RESULTS OF OPERATIONS Consolidated net sales for the quarter were $362.5 million, a 10% increase over 1999 second quarter sales of $328.9 million. Consolidated earnings from operations were $71.6 million in the second quarter of 2000 compared with $64.8 million in the second quarter of 1999. Consolidated net earnings for the quarter were $42.1 million, or $0.90 per diluted share, compared to 1999 second quarter net earnings of $41.3 million, or $0.88 per diluted share.
Sales for the first six months of 2000 increased 12% to $638.6 million, from $569.9 million for the year-earlier period. For the six-months ended June 30, 2000, net earnings increased slightly to $49.5 million, or $1.05 per diluted share, from net earnings for the comparable prior-year period of $49.2 million, also $1.05 per diluted share. On a year-to-date basis, other income and expenses, net, was $8.8 million less than the prior year, while operating earnings increased $10.8 million or 13%.

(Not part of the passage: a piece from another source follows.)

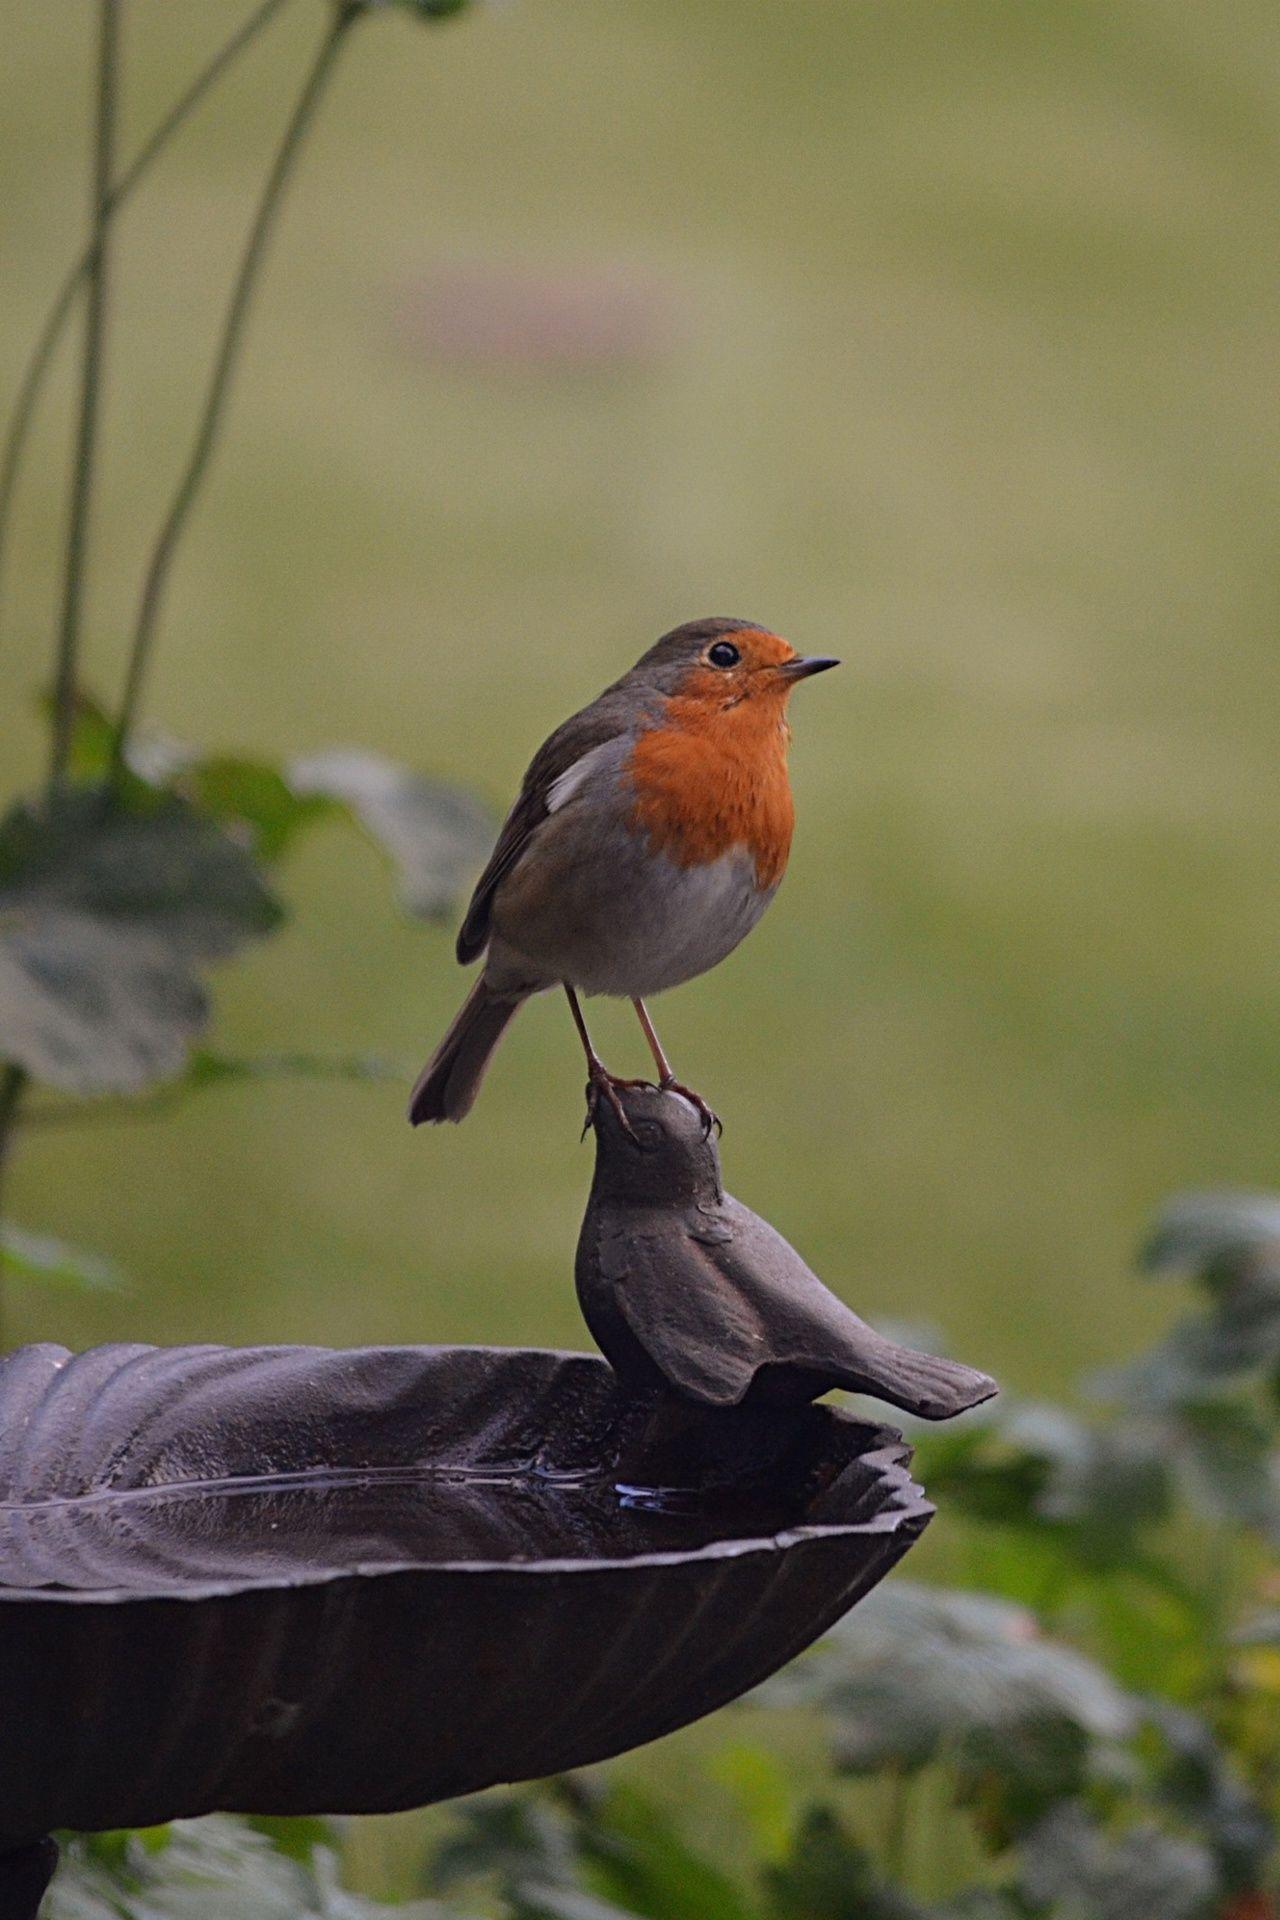 Robins Kitchen Garden City A Real Bird Standing On The Head Of An Ornamental Bird On A

Sales for the Aggregates division increased 11% to $328.9 million for the second quarter, compared with the year-earlier period, while the divisions earnings from operations for the quarter were $68.7 million, an increase of 7% from the year-earlier period. Operating margin for the division was 20.9%, compared with 21.6% in the prior quarterly period. The increase in sales for the division results from an almost 4% increase in aggregates shipments coupled with an approximately 3% increase in average selling prices during the quarter. However, operating margins were negatively affected by higher fuel costs, acquisitions of lower margin asphalt products operations and prolonged wet weather in certain operating areas. In fact, the sharp escalation of energy-related costs had a significant impact on earnings. Diesel fuel, which is used primarily to operate mobile equipment in quarry production, has increased in price by about 125% between January 1999 and June 2000. The combined cost of diesel fuel, liquid asphalt and natural gas used in our heritage business increased $4.9 million in the second quarter and $9.2 million year-to-date. In addition, barge freight costs have increased, primarily caused by an increase in fuel prices, by $1.6 million for the six-month period. However, in spite of an approximately 2% decline in aggregates shipments volume and other previously-mentioned factors, heritage aggregates operations, which are typically those businesses included in prior-year operations for the full year, experienced an 80 basis point improvement in operating margins. Year-to-date sales of $572.2 million and earnings from operations of $86.4 million exceeded the prior-year period by 13% and 9%, respectively.
(Continued)
Seasonal changes and other weather-related conditions significantly affect the Aggregates divisions business. Therefore, the Aggregates divisions production and shipment levels coincide with general construction activity levels, most of which occur in the divisions markets typically during the spring, summer and fall seasons. Unusually wet weather experienced during the second quarter 2000 has continued into July and the early part of August, 2000 in some of the Corporations markets. Further, as expected, softening in residential construction and softening in commercial construction in some market areas coupled with adverse weather conditions continues to negatively impact construction activity levels. Consequently, heritage aggregates shipment levels are below managements expectations to date. As a result, management currently believes that the Corporations heritage annual aggregates shipment growth, which was flat through the six-months ended June 30, 2000, will increase moderately by 0% to 2% for the second half of 2000. Management continues to believe that average selling prices for heritage aggregates operations will increase 3% to 4%, outpacing potential increases in production costs in 2000 for comparable heritage aggregates operations. However, higher-than-expected costs for diesel fuel, liquid asphalt and natural gas, which had a significantly negative impact on the first six months of 2000, are expected to continue to affect earnings for the remainder of the year. In fact, the average cost per gallon for diesel fuel in July 2000 is 47% higher than July 1999.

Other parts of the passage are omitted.